Своим поступком ты отличился, Ну а добился чего? Теперь ты связан, И дом твой сожжен — У тебя бледный вид, Аокити[23].

Вот какое стихотворение, ха-ха!

Вслед за Така рассмеялись и ребята: ха-ха! Когда я, поев, собрал грязную посуду и понес ее к раковине, жена, лицо которой выражало настороженность и неприступность, сказала:

— Если у тебя есть возражения, Мицу, то поспорь сейчас с Така и ребятами.

— Нет у меня желания вмешиваться в пропагандистскую деятельность Така, — сказал я. — Меня сейчас больше занимает мысль о том, как бы ощипать фазанов. Где они?

— Така повесил их в кладовке на большой деревянный крюк. Там шесть штук, жирных, как свиньи! — ответила вместо жены Момоко. Женщины нарезали в бамбуковую корзину огромное количество овощей. Видимо, они приготавливают богатый витаминами обед для жизнерадостных футболистов.

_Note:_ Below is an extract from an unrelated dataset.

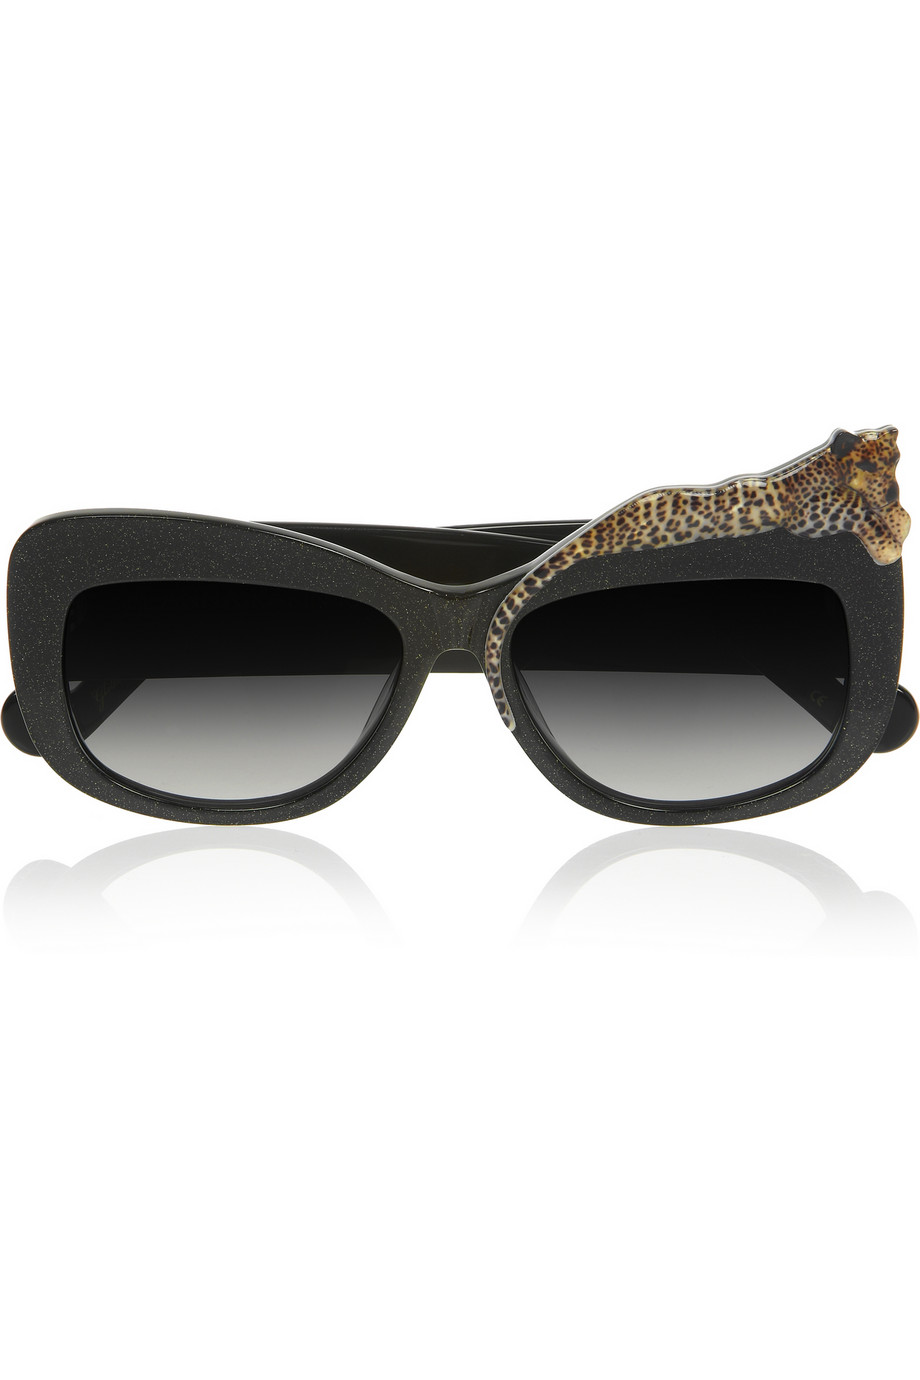 Anna Karin Karlsson Rose Et La Mer Cat Eye Acetate Sunglasses in Black ...

— Молодежь нашей деревни вначале создала вокруг себя атмосферу страха, благоразумные крестьяне боялись молодежи, но в ходе восстания прониклись к ней уважением. Насилие, правда, позволило ей добиться лишь внешнего проявления такого уважения. Но так или иначе, молодые ребята считали себя народными героями, причем в масштабах не только нашей деревни, но и всего княжества. Поэтому в течение некоторого времени после восстания, пока они оставались на свободе, бывшие головорезы превратились в деревенскую аристократию. Действительно, на какой-то период сложилась такая обстановка, что молодежь в любой момент могла снова поднять нашу деревню на восстание, то же было и в других деревнях — молодежи удавалось там сохранять еще свои позиции. Когда восстание начало угасать, молодежь нашей деревни взяла клятву с ребят из других деревень в том, что если власти княжества начнут преследования, то они сразу же снова поднимут восстание, а те деревни, которые будут колебаться, тут же сожгут. Такое положение заставило власти повременить с преследованием предводителей восстания. В тот счастливый для них период молодые ребята не только ели и пили награбленное, но, похоже, и соблазняли деревенских девушек и женщин. А может быть, и наоборот, — девушки и женщины сами соблазняли парней! (Ребята громко засмеялись и этой грубой шутке.) Для деревни восстание было смутным временем, когда молодежь, вооружившись и захватив власть, чинила произвол. Молодые головорезы зверски убивали каждого, кто пытался идти против них, а тех из девушек или женщин, которые противились их домогательствам, они просто насиловали. Крестьяне, вернувшиеся к мирной жизни, попали под иго жестоких властителей. И поэтому, когда прибыл княжеский соглядатай, их отношения с жителями деревни были уже безнадежно испорчены, и они оказались в изоляции. В конце концов, запершись в амбаре, молодежь пыталась сопротивляться, но жители деревни предали их — ни один не сдержал обещания и не помог им…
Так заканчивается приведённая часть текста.